The Day the Wild Cried

In a time of environmental uncertainty, adaptation and collaboration are essential measures of survival. In The Day the Wild Cried Jason Sharp plays with an electronic soundscape, generated and triggered through Kimberley de Jong’s body. One form is entirely dependent on the other, live collaboration is at the heart of this work.

 

 In the initial phase of the work, Boxher, we witness the trajectory of an apocalyptic, gender neutral species, who takes us on a journey of physical transformation within the space. Sonic and physical limits are tested, creating a sense of urgency and tension. We are left feeling defeated and empty towards the state of our environment. In the second phase of the work, completed through CCOV and Le Mai residencies, Kimberley and Jason dive deeper into their existing collaboration.
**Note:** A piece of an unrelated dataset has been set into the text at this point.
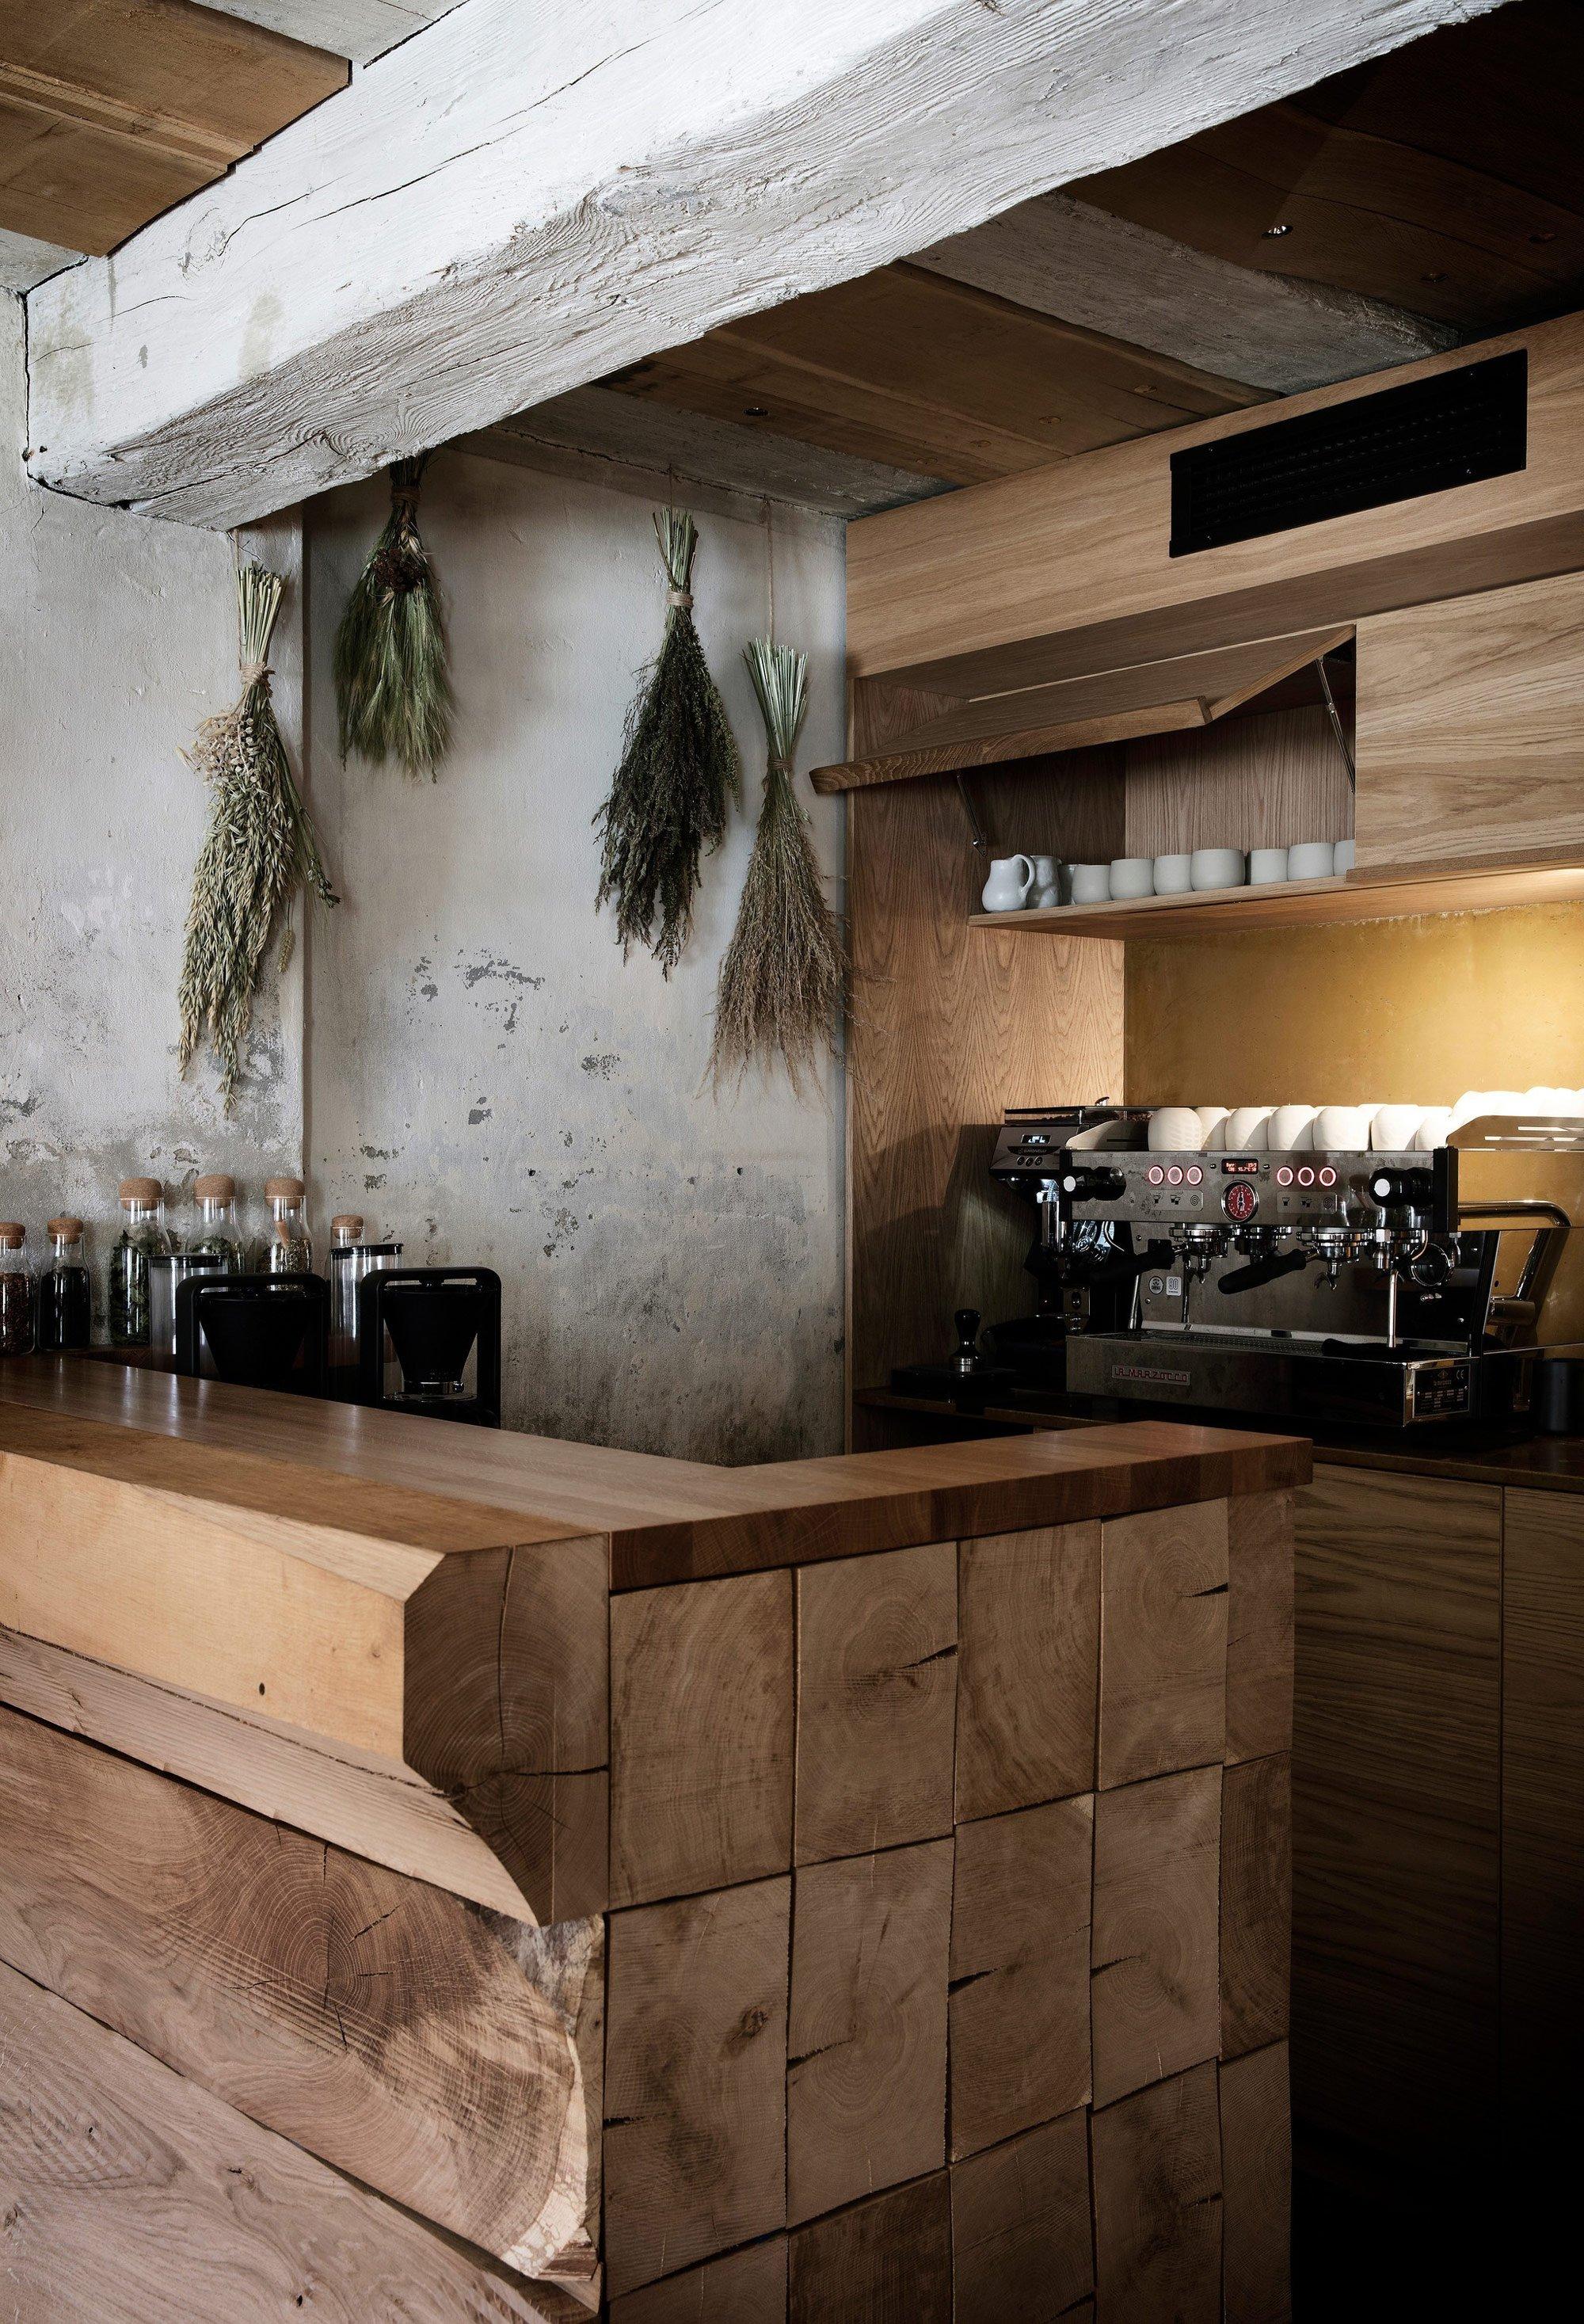 The Barr Restaurant Designed By Snhetta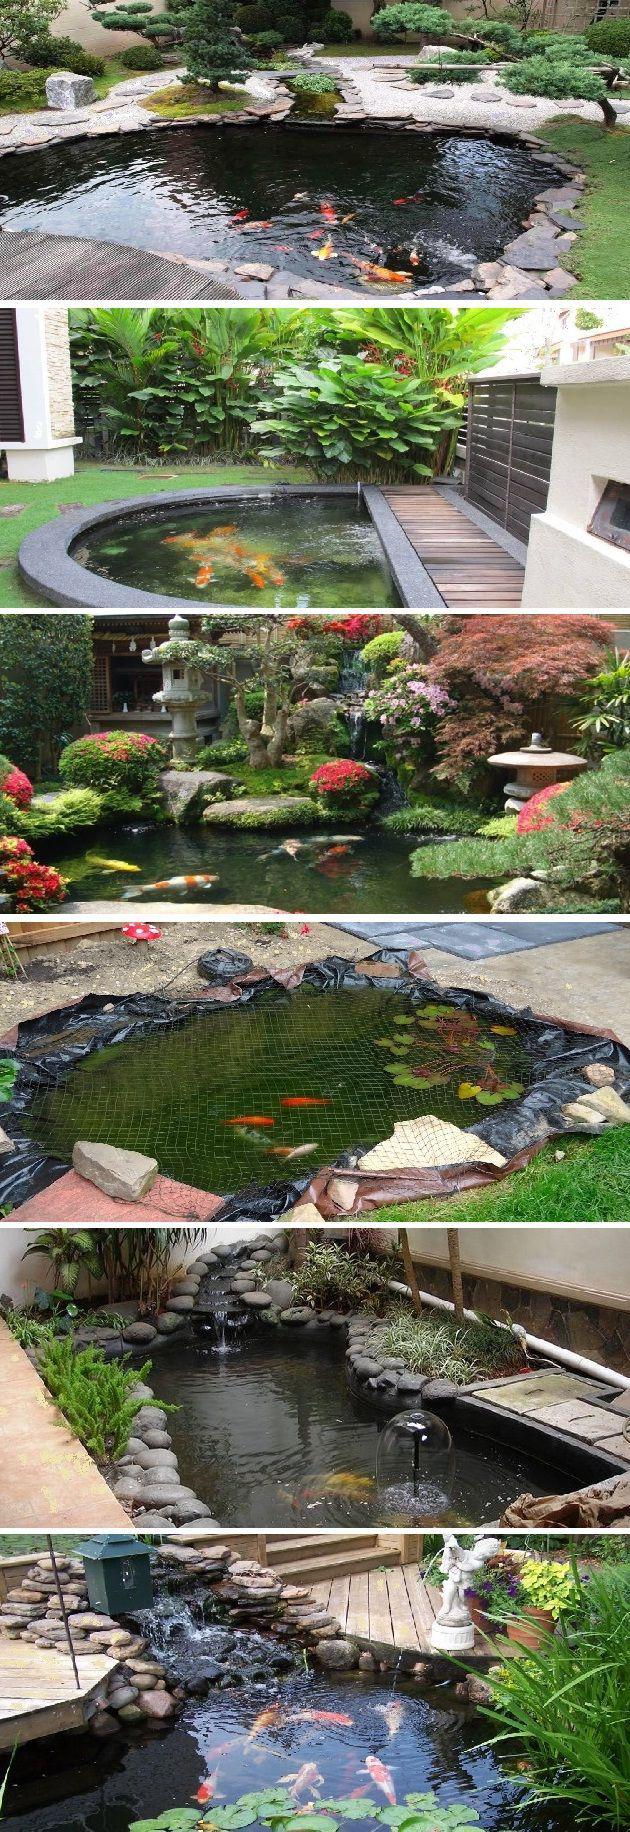 Small koi pond design ideas pond rocks decoration for Small pond care

Jason breaks the wall behind his synthesizers and joins Kimberley in the space, “reviving” her through sound. Together they make music through electrical circuits passing through both their bodies. A landscape of metallic cans forms an island. An installation of piled up cans alludes to mini architectures, the city and capitalism. If Boxher is loud and unforgiving, The Day the Wild Cried allows space for resolve and hope. Our focus shifts to quiet sounding breath, a soft-spoken monologue where the protagonist recounts memories, anecdotes of a time when wild nature reigned. Jason creates resounding notes triggered by Kimberley’s voice. Dynamic power shifts in The Day the Wild Cried and we witness a democratisation of roles with Jason’s entry into the space. By the end, the once limited creature harnesses her power and with a programmed “ring” that enables her to control the sound and thus her environment. Will technology take over human identity, has it already? These are some of the questions we are left with in this fresh and palpable work.

 

The Day the Wild Cried will premiere in Berlin at the Meinblau Art gallery in March within an exhibition on heart intelligence. The work can be presented as a full length 60 min piece or in two separate 30min parts.